Seems you're running into a split brain situation and as always you'd be better off with a proper stonithing solution.

Regards,
Jens

jmozdzen
08-Jun-2012, 11:47
Hi klemenvi,

judging from the logs you have an IP connectivity problem, despite your test result "They can reach over ping also on different ESX hosts.". How long have you waited after migrating the VM to the other ESX node before conducting your tests? Can you see successful CIB updates or alike after the migration (as a proof of successful connectivity between the pacemaker nodes)?

Regards,
Jens

klemenvi
08-Jun-2012, 11:55
Nodes are on different ESX, node ha-test1 is offline since my last post. Ping works:

Ha-test1:/var/log # ping 10.203.202.51
PING 10.203.202.51 (10.203.202.51) 56(84) bytes of data.
64 bytes from 10.203.202.51: icmp_seq=1 ttl=64 time=3.30 ms
64 bytes from 10.203.202.51: icmp_seq=2 ttl=64 time=0.282 ms
64 bytes from 10.203.202.51: icmp_seq=3 ttl=64 time=0.450 ms
64 bytes from 10.203.202.51: icmp_seq=4 ttl=64 time=0.284 ms
64 bytes from 10.203.202.51: icmp_seq=5 ttl=64 time=0.276 ms
64 bytes from 10.203.202.51: icmp_seq=6 ttl=64 time=0.246 ms
64 bytes from 10.203.202.51: icmp_seq=7 ttl=64 time=0.253 ms
^C
--- 10.203.202.51 ping statistics ---
7 packets transmitted, 7 received, 0% packet loss, time 5998ms
rtt min/avg/max/mdev = 0.246/0.727/3.303/1.053 ms

jmozdzen
08-Jun-2012, 12:26
> Nodes are on different ESX, node ha-test1 is offline since my last post.
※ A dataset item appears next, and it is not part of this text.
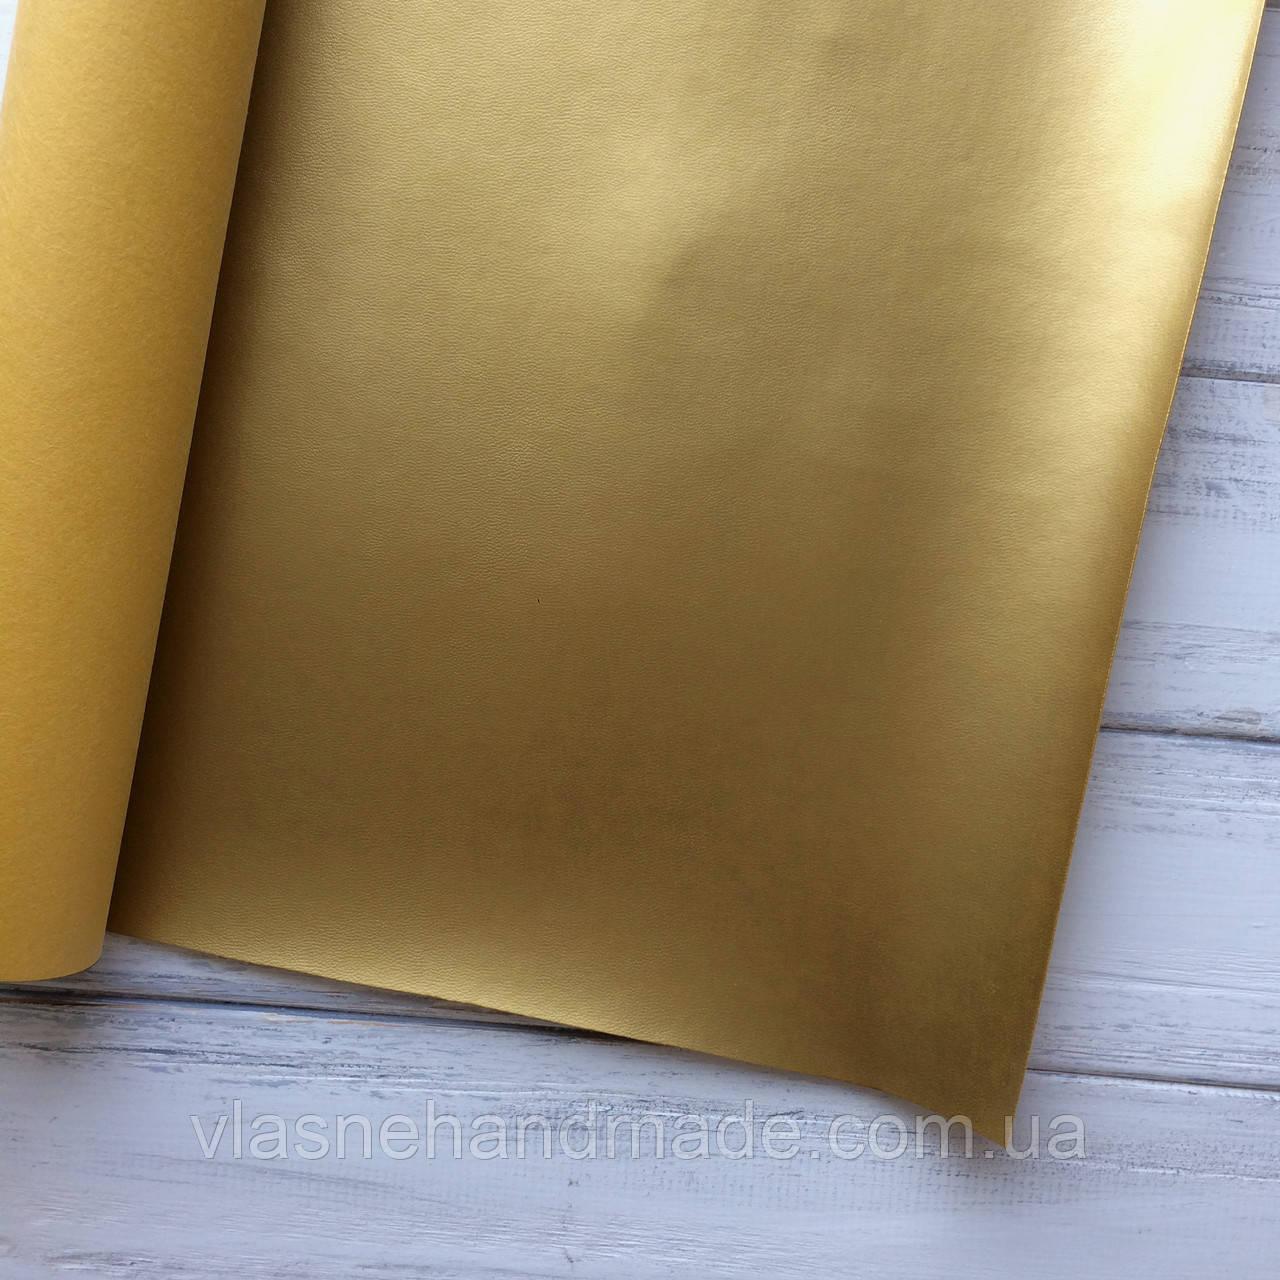 НЕФОРМАТ АБО НЕВЕЛИКИЙ БРАК!! Шкірзамінник палітурний - металік - золото - виробник Італія - 23,5х35 см

I don't agree: Both pacemaker nodes are either online or standby, but report the other node as offline. This is something completely different. Judging from your logs, the pacemaker nodes don't see each other on the IP level (and there's much more to that than a simple "ping"), which is called "split-brain situation".
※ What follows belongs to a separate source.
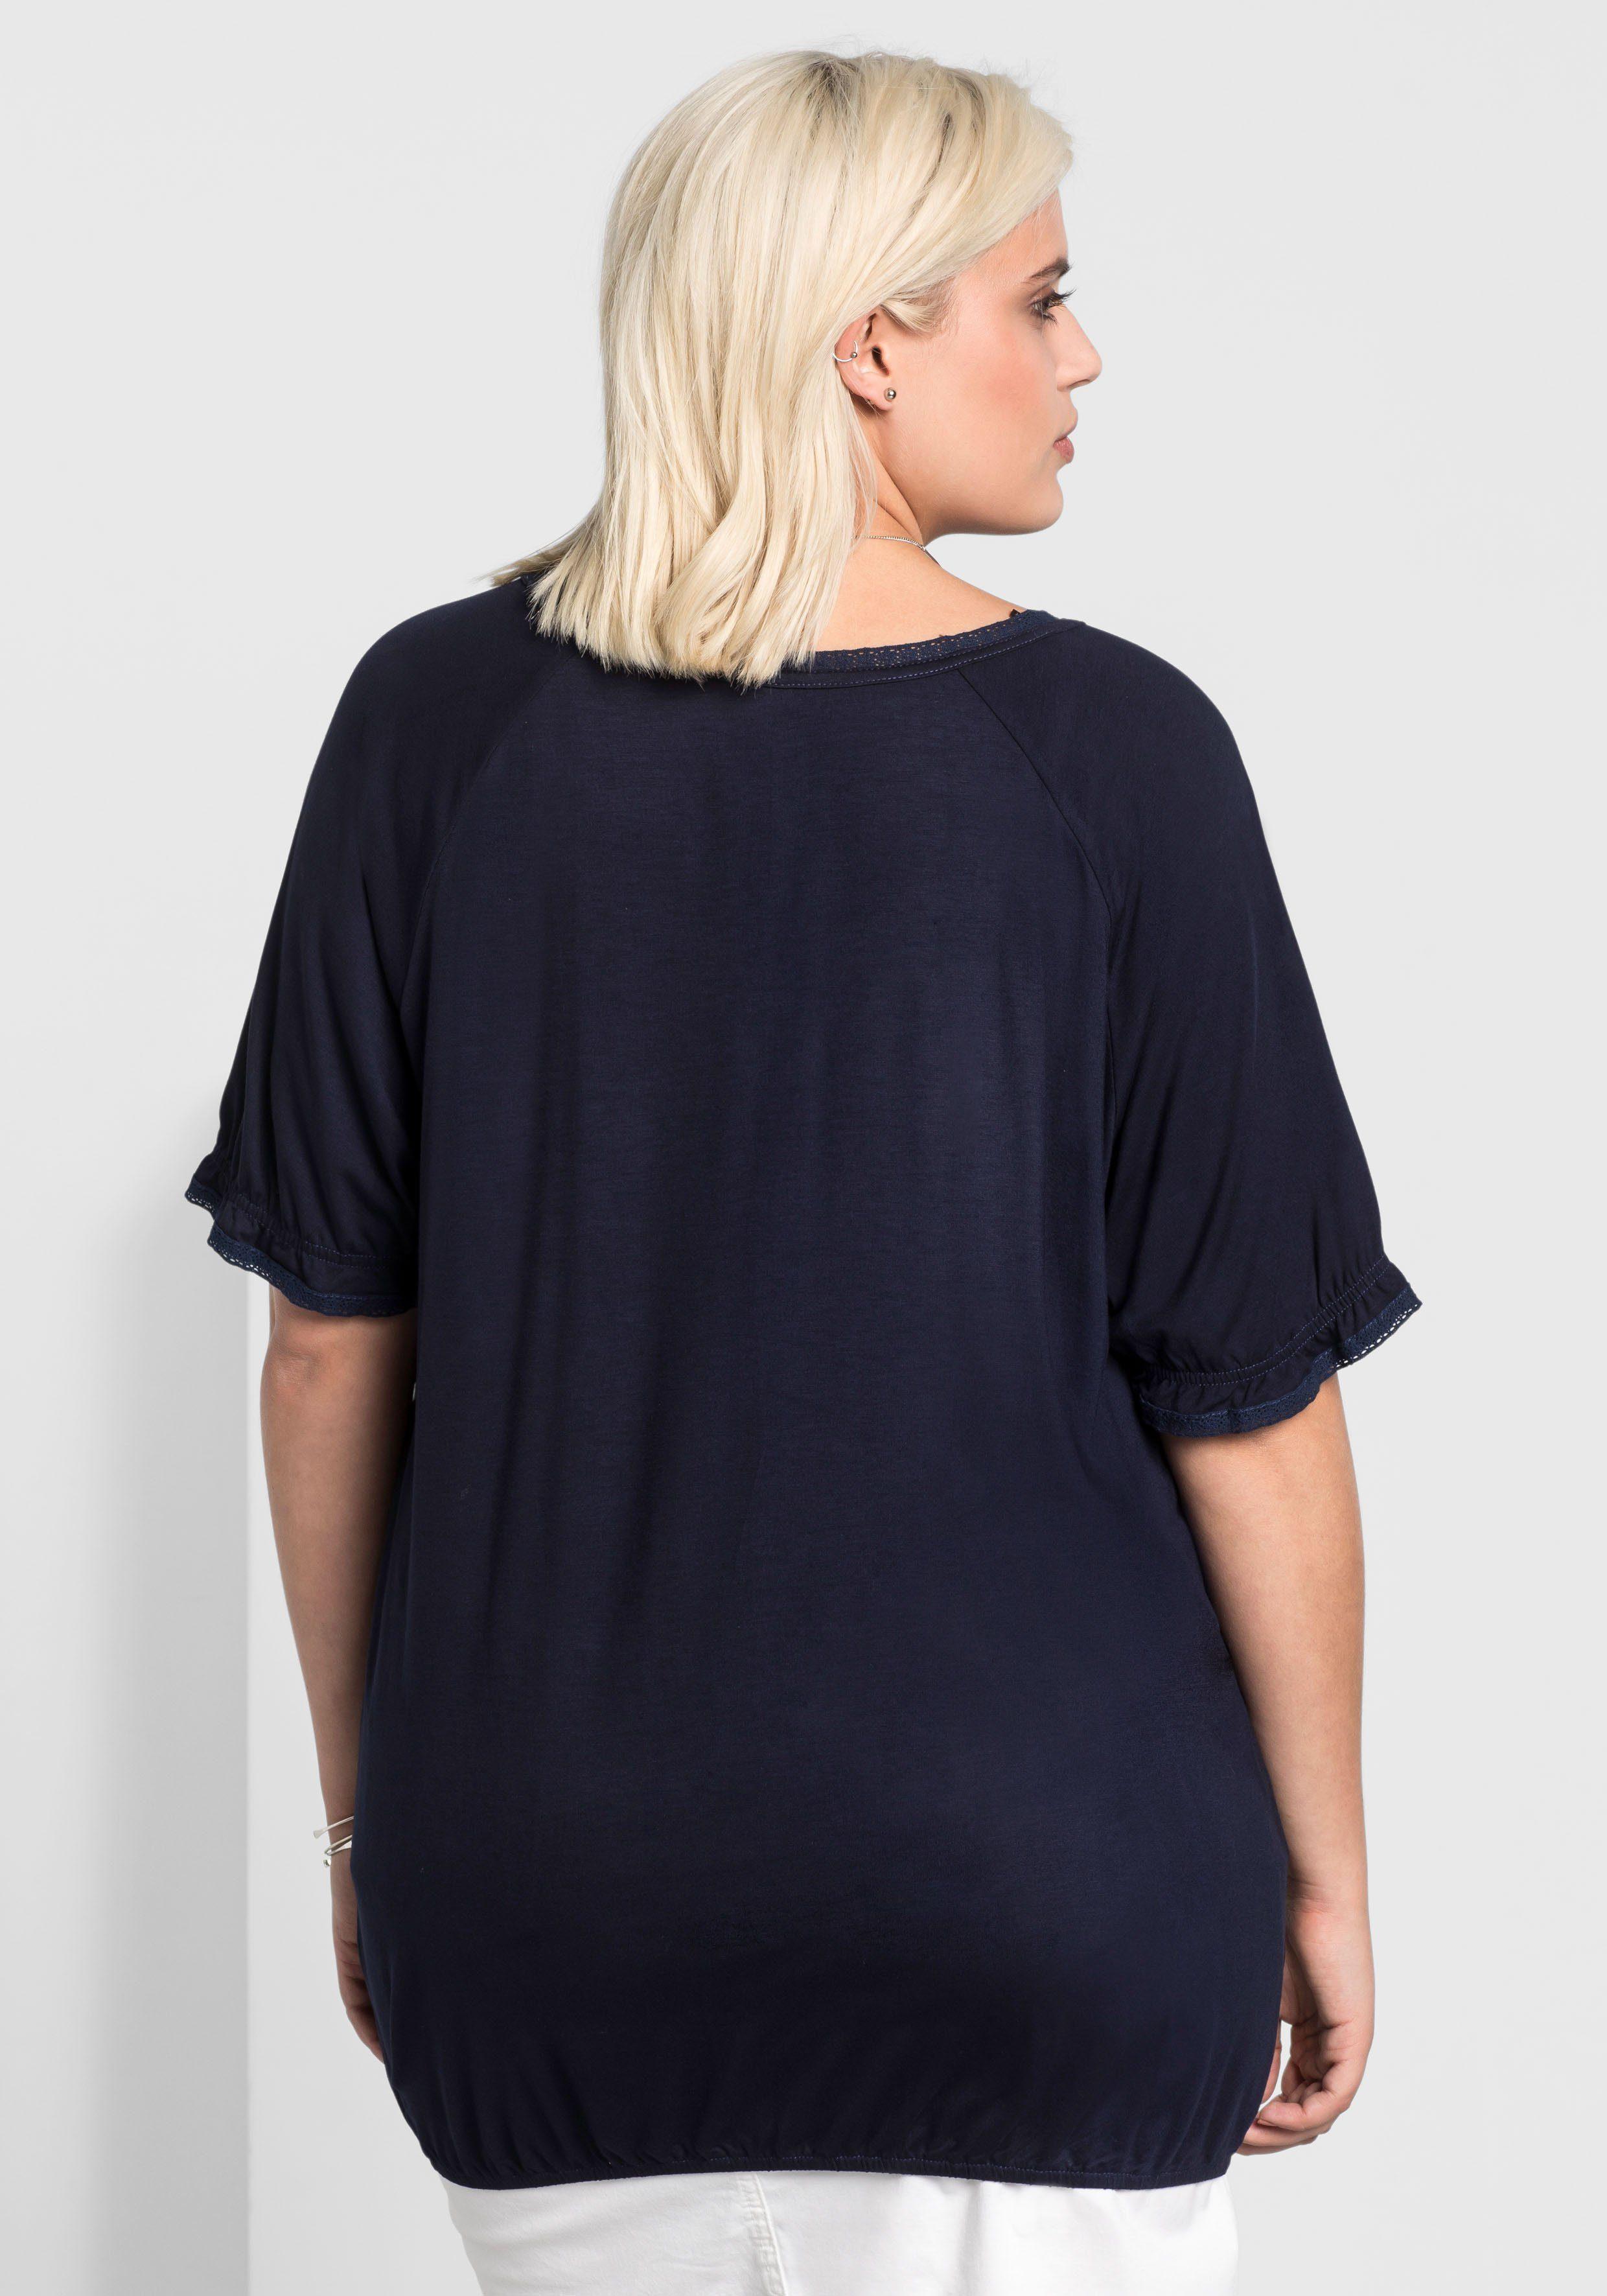 Ausschnitt T Kaufen Sheego Und Style An Kurzarm Online shirtHäkelborte SzVGMUpq

Since this communications problem doesn't happen when both nodes are on the same ESX server, you should have a closer look at the network setup. (I agree that the working "ping" is confusing - but the cluster traffic in question is not ICMP but multicast, maybe that is blocked on your switch(es) or something along that line).

Regards,
Jens

klemenvi
08-Jun-2012, 12:42
I talk with network team about multicast traffic. They say multicast is enabled, I try on Cisco and Extreme switches but no difference. They don't see any requests from nodes.
Is it possible to use broadcast traffic for test?

Thanks for help.

jmozdzen
08-Jun-2012, 13:07
Hi klemenvi,

> I talk with network team [...]They don't see any requests from nodes.

"any requests" like in "no multicast traffic" or like "no traffic at all" - because, in the latter case you'd have to wonder who's responding to the ICMP requests.
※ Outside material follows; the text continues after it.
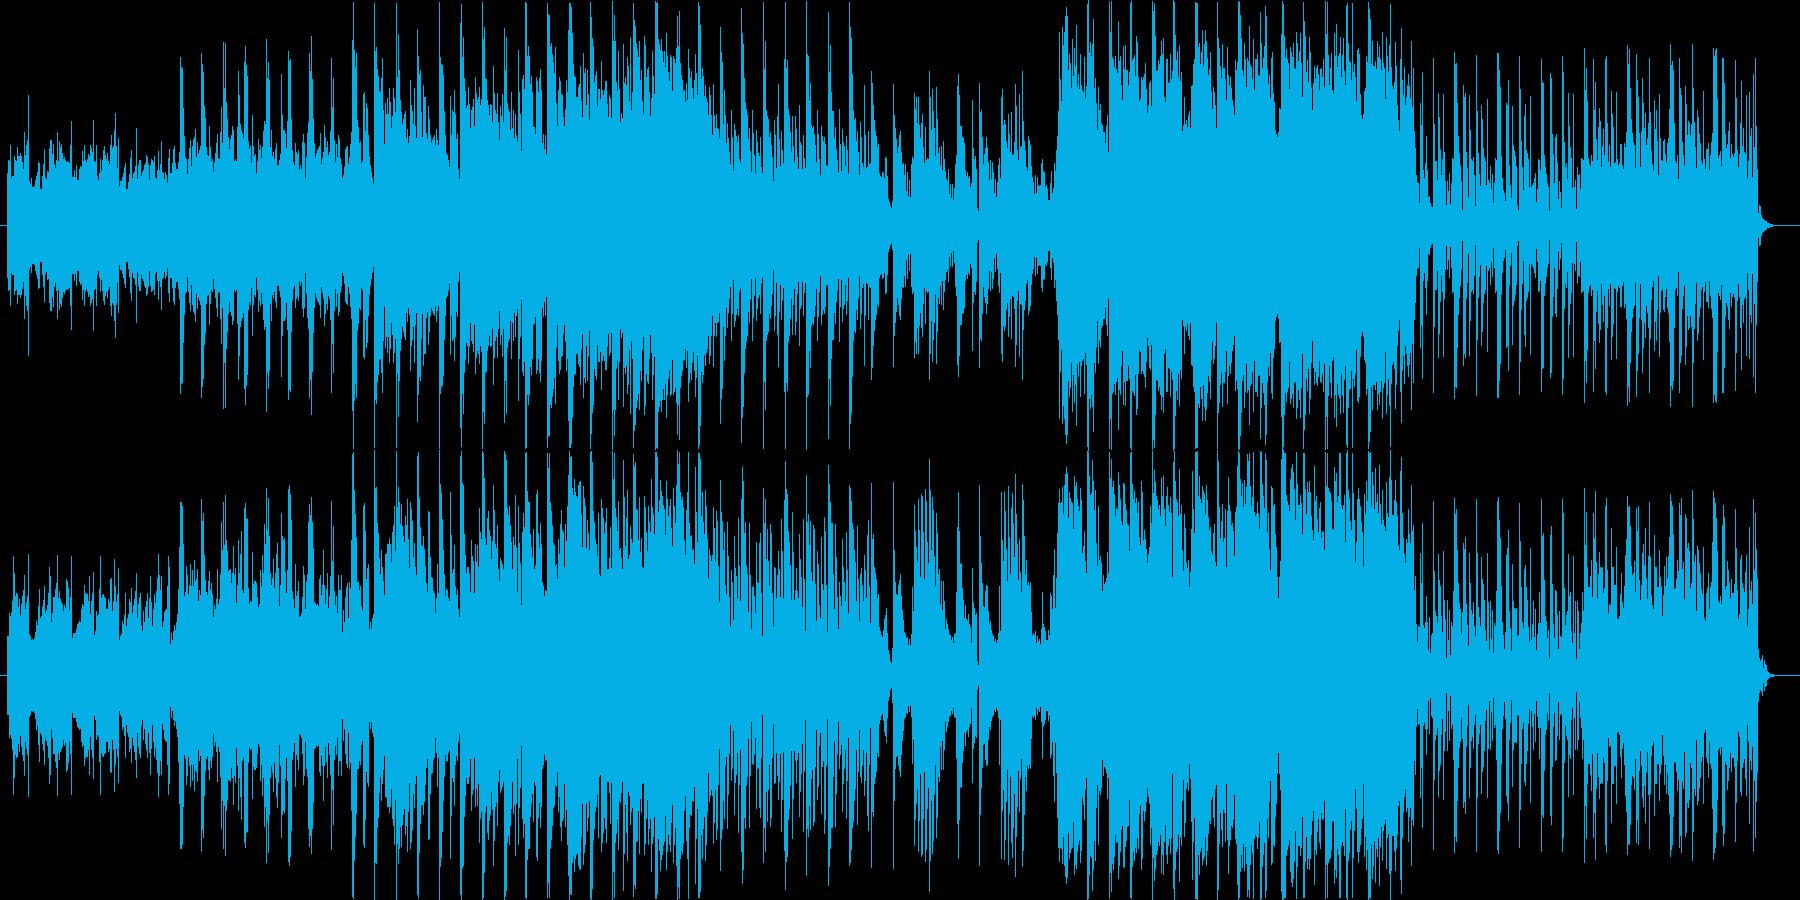 和テイストの幻想的なエレクトロニカの再生済みの波形

I'm not too deep into ESX - any known problems with multicast traffic there? How's your (related) networking set up within ESX in the first place?

> Is it possible to use broadcast traffic for test?

Not that I know of.

With regards
Jens

klemenvi
08-Jun-2012, 13:19
No multicast traffic on these ESX interfaces.
No no multicast traffic problems related with ESX. What do you mean about ESX network configuration? It's nothing special, we have 4 ESX servers in cluster with DRS for live migration.

jmozdzen
08-Jun-2012, 13:33
No multicast traffic on these ESX interfaces.
No no multicast traffic problems related with ESX. What do you mean about ESX network configuration? It's nothing special, we have 4 ESX servers in cluster with DRS for live migration.

AFAIK there are several ways to configure the network connections, including tuning of the IGMP parameters.

Out of curiosity I did a quick search on the Internet and voila: You're not alone and I seem to have been wrong concerning other protocals than multicast: http://www.gossamer-threads.com/lists/linuxha/pacemaker/70390

Regards,
Jens